Question about Time Dilation

Question

I was studying about Time dilation and I wondered, does Time seem less for a moving body, or does it seem less for a resting body, both relative to each other, or does both occur at same time? Meaning if moving body experience 1s, does resting body experience lets say 0.5s? Or is it the other way around? Or does both happen?

Answer 1

Roughly speaking, it is the principle of relativity that each observer views nature as if he is stationary with all the other observers moving. Once people recover from the initial shock of time dilation, this is usually where they get tripped up. They think in terms of "A sees B with time slowed down, so B sees A with time sped up" or something like that. This is not correct. The time dilation is reciprocal.

FWIW, if you are serious about learning this and not just asking a random question, I always recommend people move on past "time dilation" and "length contraction" as soon as they are able and think in terms of Minkowski space and the Lorentz transform. While the math may seem harder, this is because it is more accurate. The "paradoxes" will all be much easier to resolve.

It is OK if you were just asking and are not intending on deep study too, of course.

Answer 2

Moving bodies experience less time in their reference frame compared to bodies at rest. This is what special relativity says , so for a given speed the moving body experiences 0.5 s where as the body at rest experiences 1s. If we increase the speed to speed of light then actually the body doesn't have a defined amount of time ( hence light doesn't experience time) because in the time dilation equation we usually compare the speeds to speed of light $$t^{'} = \frac{t}{\sqrt{1-v^2/c^2}}$$ t' is the new time experienced by the moving body c is the speed of light v is the velocity of body t is the time at rest . here $$\frac{1}{\sqrt{1-v^2/c^2}}$$ is known as the lorentz factor .

here as v is divided by c , so as speed increases the value of denominator also decreases and so the value of t' increases having more magnitude of time consumed so hence time experienced by the moving body is less!

Answer 3

The main problem here is where you say

Meaning if moving body experience 1s, does resting body experience lets say 0.5s?
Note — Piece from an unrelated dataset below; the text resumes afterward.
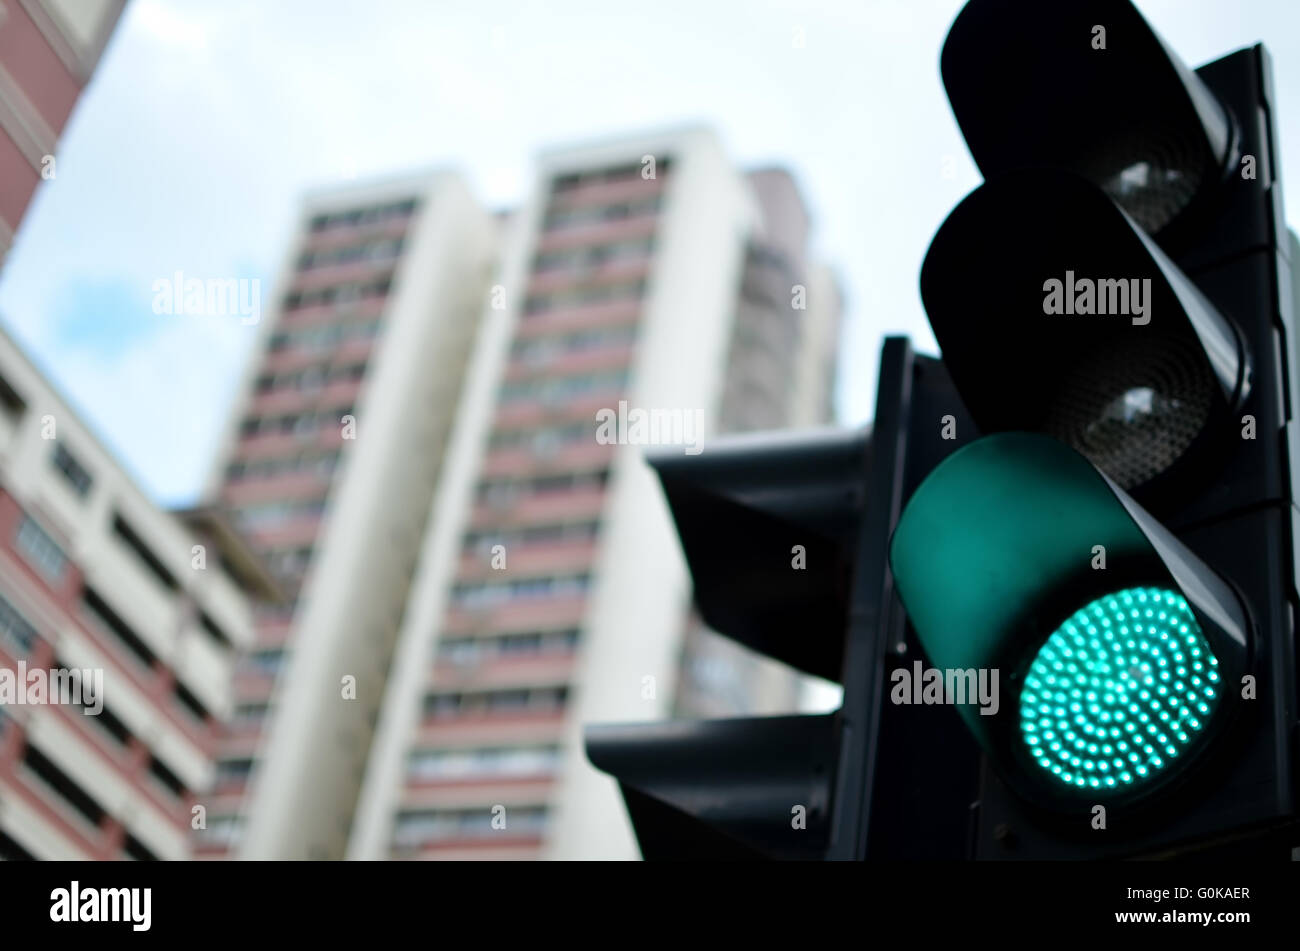 Green traffic light in the city Stock Photo

The reason this is problematic is because, when you have two bodies that are not always in the same place, it is not clear how you are supposed to be comparing the time each one experiences. From a pre-relativistic perspective, this may seem confusing, as Newtonian physics admits a unique global time coordinate, allowing us to introduce a notion of "simultaneity" for this purpose. However, this is not the case in Einsteinian Relativity. Instead, if we want to compare the amount of time each body experiences, we must specify how the two bodies are communicating with each other (such as by sending each other light signals or by starting and ending in the same place), so that we can calculate the proper time of each path.

---

Note, some people like to talk about the notion of relativity of simultaneity in Special Relativity, in which there is a reference frame-dependent notion of simultaneity. However, I prefer not to think of things this way, since it does not naturally extend to General Relativity.

Answer 4

Unfortunately, the common perception of reciprocal time dilation is simply wrong. And it has nothing to do with acceleration, or turning around, or anything like that. The fact is that there IS a preferred frame of reference and this is proven every day with GPS satellites. Allow me to explain:

As you know, GPS satellites have their clocks adjusted for both special and general relativistic effects. So clocks on a GPS satellite run 45 microseconds per day faster than clocks on the ground. If this was not done then we would quickly drive off the road.
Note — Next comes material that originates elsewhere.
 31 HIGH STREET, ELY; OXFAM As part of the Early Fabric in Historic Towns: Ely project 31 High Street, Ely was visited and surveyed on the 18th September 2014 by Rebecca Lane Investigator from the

Other satellites (and intercontinental ballistic missiles) use GPS satellites to set their own navigation. Some of these satellites are following right behind the GPS satellite orbit, so they have no relative motion compared the GPS satellite. While other satellites are going in the exact opposite orbit, so they have extremely fast relative motion compared the GPS satellite. And others still are traveling at various cross angles to the GPS orbit, so they would have various relative motions.
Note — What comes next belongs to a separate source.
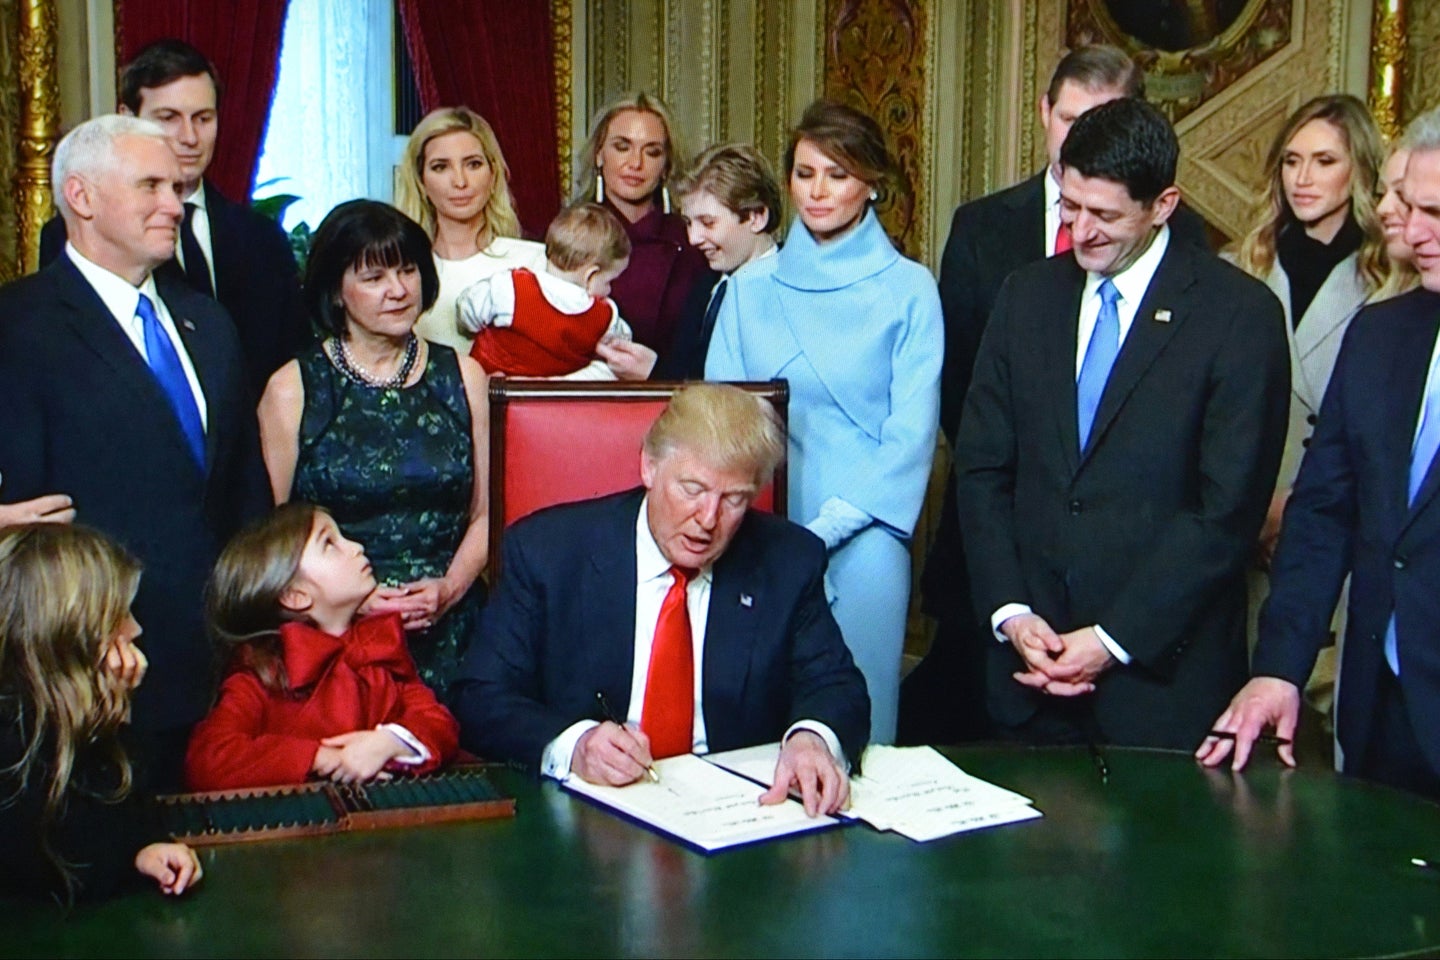 President Donald Trump signing an executive order in the White House in 2017

If the concepts of special relativity were correct, then all of these other satellites would need to set their clocks and motion relative to the GPS satellite. But they DO NOT do this. They all set their clocks and motion relative to Earth. It is only in this way that the missiles reach their correct target.

Second, the wikipedia page referred to in another answer on reciprocity says that the reason the twin paradox is resolved is because the travelling twin must accelerate and turn around. This is also wrong. Lets imagine not twins, but quintuplets. Ann stays on Earth, Bob travels to star Beta and back; Charles to star Gama and back, Doris to Delta and back, Evelyn to star Epsilon and back. All of the travelling quints use exactly the same acceleration rate up to a top speed of .8c. They all turn around their star in exactly the same circle and they all decelerate at the same rate on return to Earth. The wiki article would imply that all the traveling quints age the same amount compared to Ann, because they all followed the same acceleration patterns. But this is not the case. The acceleration has absolutely nothing to do with this special relativistic effect. The only issue is how much time (or distance) they travelled at what speed. At the end of the experiment Ann will be oldest, Bob will be second oldest, Charles third oldest, Doris fourth oldest and Evelyn will be youngest.

These facts lead us to understand that while in theory there is no preferred frame of reference, in the real world there IS a preferred frame of reference.